La mañana comenzaba como si fuera nueva. La ciudad respiraba vapor por las alcantarillas, olía a café y a tierra húmeda tras la lluvia nocturna. La gente, con zapatillas de colores vivos, se reunía en la línea de salida, riendo, haciéndose fotos y dando saltitos para entrar en calor. Y Leia estaba sentada un poco apartada, en una silla ligera negra, con las palmas de las manos sobre los fríos aros de las ruedas. Sus dedos temblaban, no por el frío, sino por algo más profundo: la expectación. No le gustaban las palabras grandilocuentes como «valentía» o «hazaña». Simplemente quería correr. Adelante, mientras pudiera.
—Oye, ¿estás segura? —preguntó el voluntario, un chico con pecas y un silbato—. Está empezando a llover, la pista está resbaladiza.
— ¿Y si no lo intento, cómo voy a saber que puedo? —respondió Leia con calma.
Él se quedó desconcertado, luego simplemente asintió y se alejó. Su sonrisa fue breve, pero sincera.
Cuando sonó el disparo, todo lo superfluo desapareció. La multitud se puso en marcha, algunos rápido, otros despacio. Leia sintió cómo las ruedas bajo sus manos respondían a cada empujón, cómo las gotas de lluvia le resbalaban por las mejillas y se mezclaban con su respiración. El mundo se redujo a la carretera y a su corazón. En el kilómetro diez ya no veía las espaldas de los corredores, solo la línea gris del asfalto que se perdía en la infinidad.
La lluvia se intensificó. El viento le azotaba la cara, la suciedad salía disparada de debajo de las ruedas. En algún lugar delante de ella, alguien tropezó, alguien se bajó, alguien maldijo. Y ella siguió adelante. En silencio, obstinadamente, como si cada movimiento fuera una plegaria. «Lo importante es no parar», se susurraba a sí misma. Y la carretera le respondía con un rugido, y la ciudad parecía haberse detenido para escuchar los latidos de su corazón.

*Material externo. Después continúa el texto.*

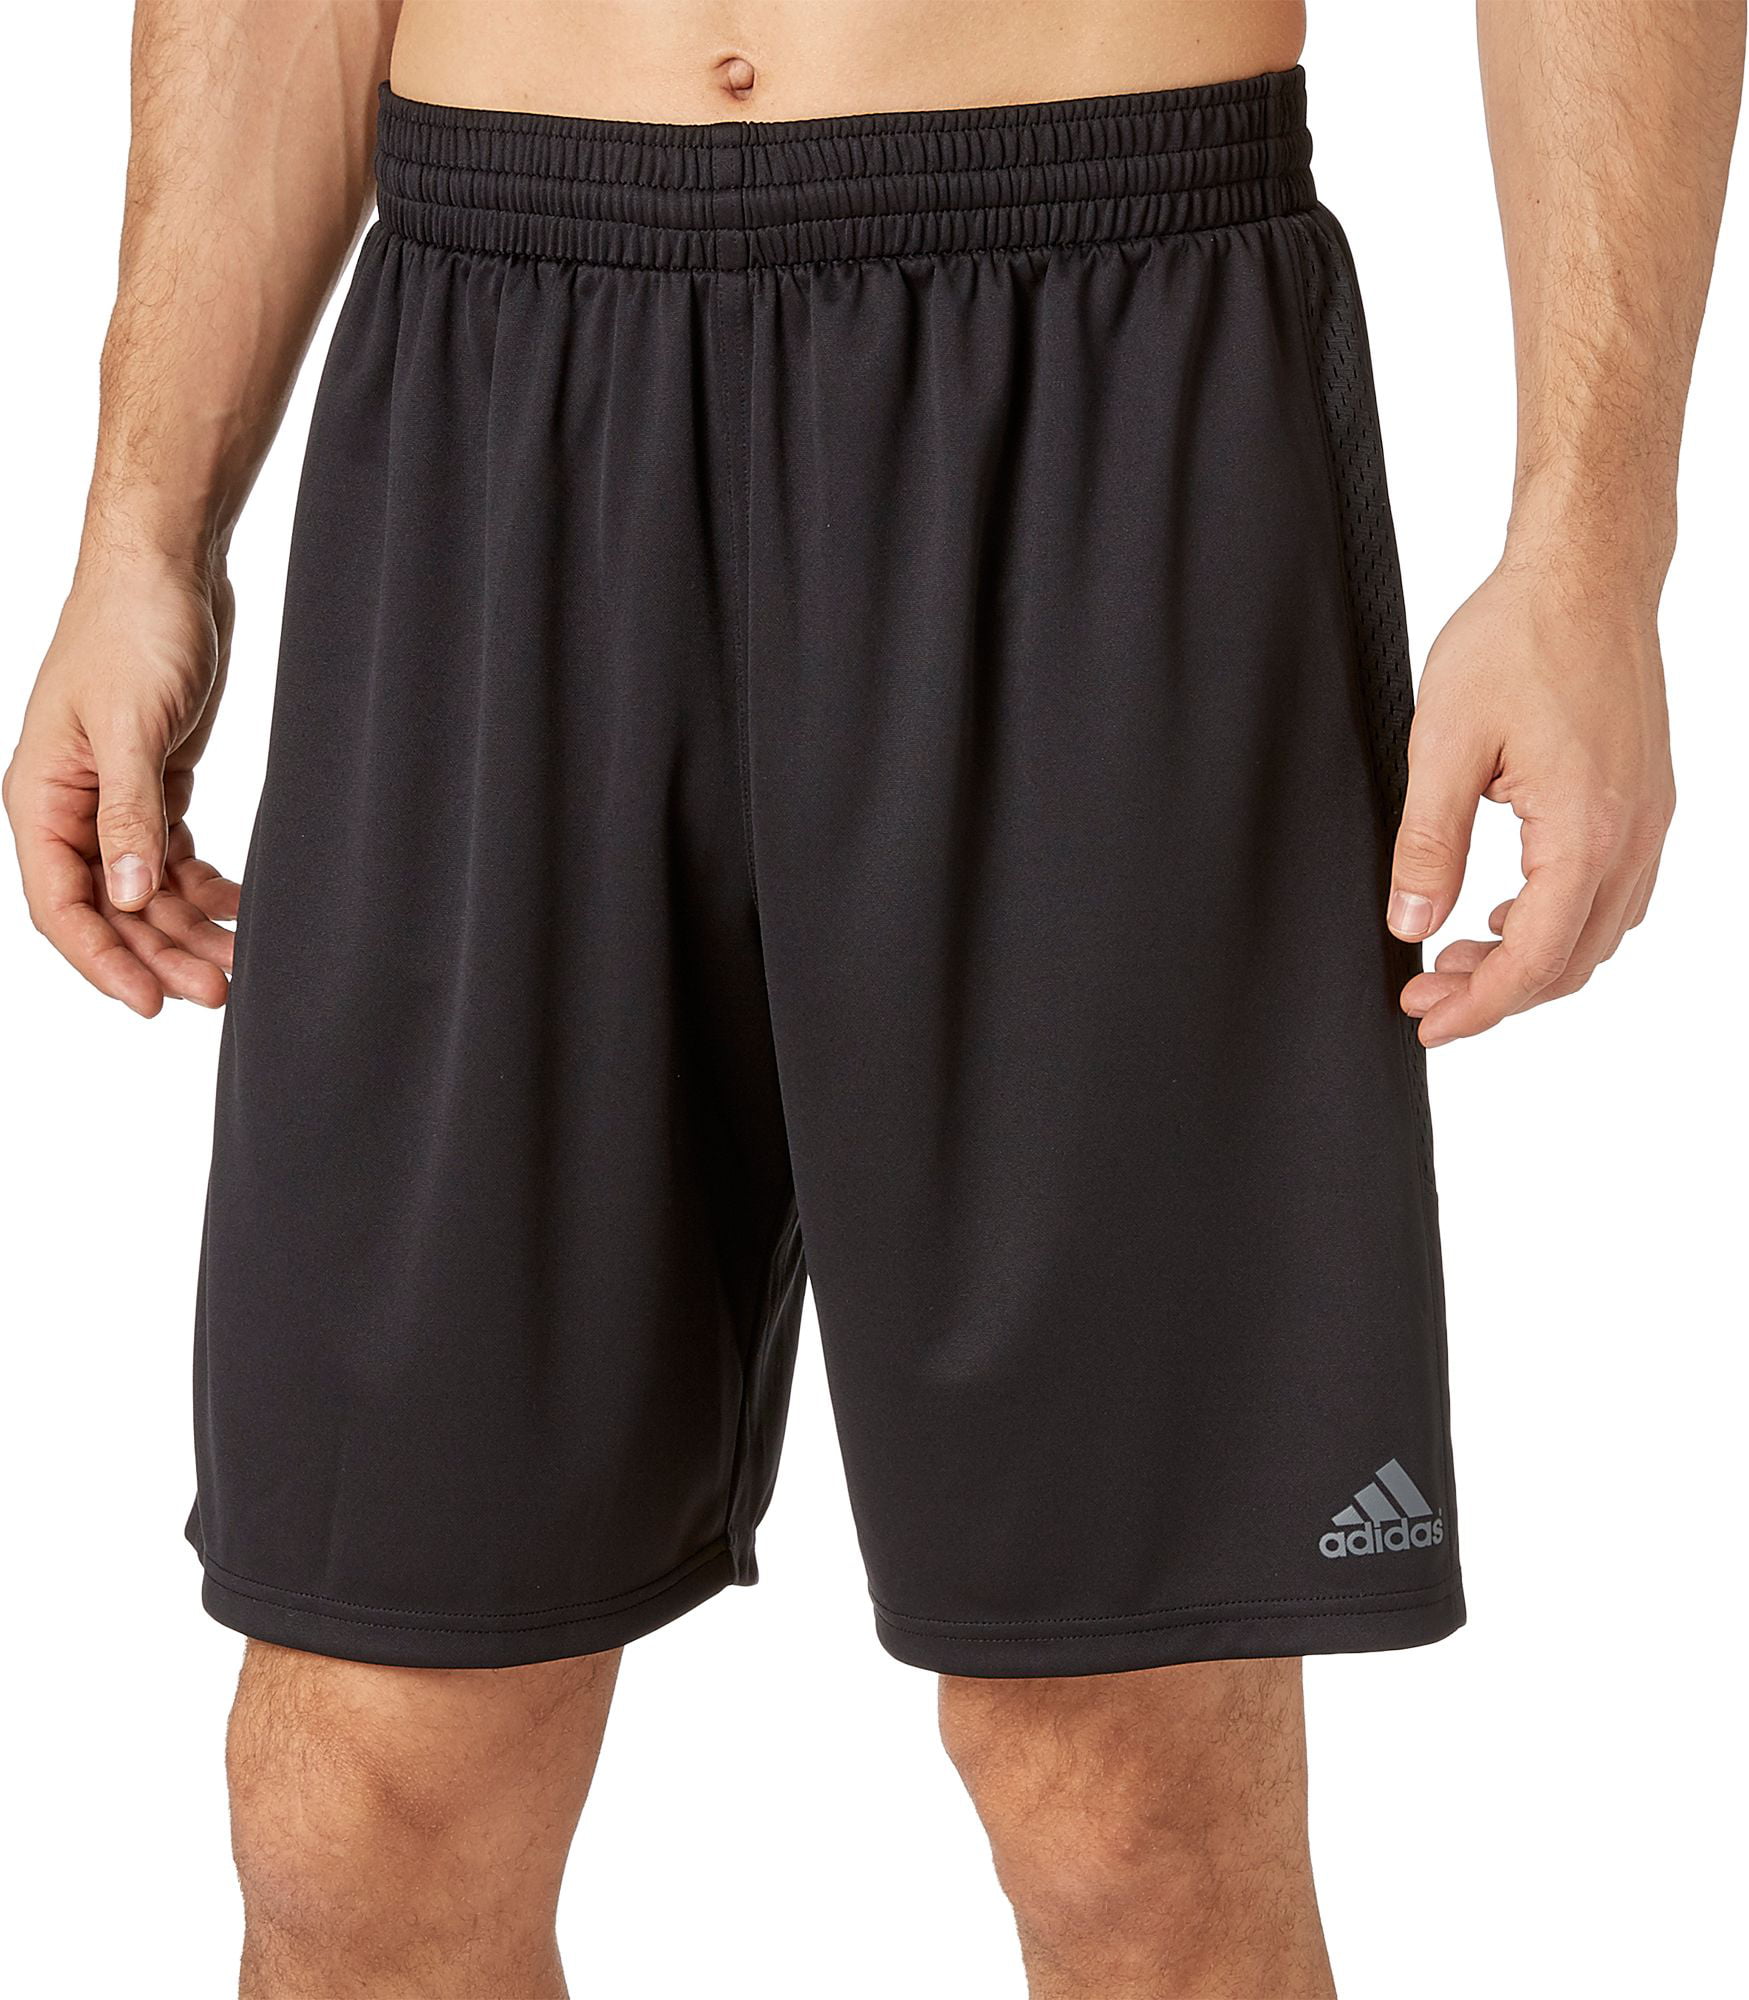 adidas flag football shorts

En el kilómetro veinticinco, los músculos de sus brazos ardían y los dedos se le contraían. Pero ella continuó. Un ciclista pasó junto a ella y le gritó:
«¡Respeto! ¡Eres fuerte!».
Ella solo hizo un gesto con la mano. No lo hacía por el respeto. Lo hacía por la paz interior. Para demostrárselo a sí misma, no al mundo.
Llegó a la meta cuando el cielo ya se había despejado. La lluvia había amainado y el sol, abriéndose paso entre las nubes, iluminaba el asfalto mojado con destellos dorados. La multitud se apartaba, algunos aplaudían, otros simplemente miraban en silencio. Leia levantó las manos y cerró los ojos. Parecía que todo el ruido se había disuelto en esa luz. No había ganado la carrera, pero sentía que había vencido algo mucho más grande.
De repente, oyó una voz familiar detrás de ella:
—¡Leia! ¡Espera!
Se dio la vuelta y vio al chico de las pecas con una caja en las manos. De ella asomaban dos prótesis finas y ligeras, blancas como el papel.
—Son para ti —dijo él—. Las terminamos esta noche. Queríamos dártelas después del maratón.
Ella los miró durante un largo rato. Luego sonrió, una sonrisa sincera, cálida, agradecida, pero sin necesidad.
—Sabes —dijo en voz baja—, creo que ya no los necesito. Ya he aprendido a volar.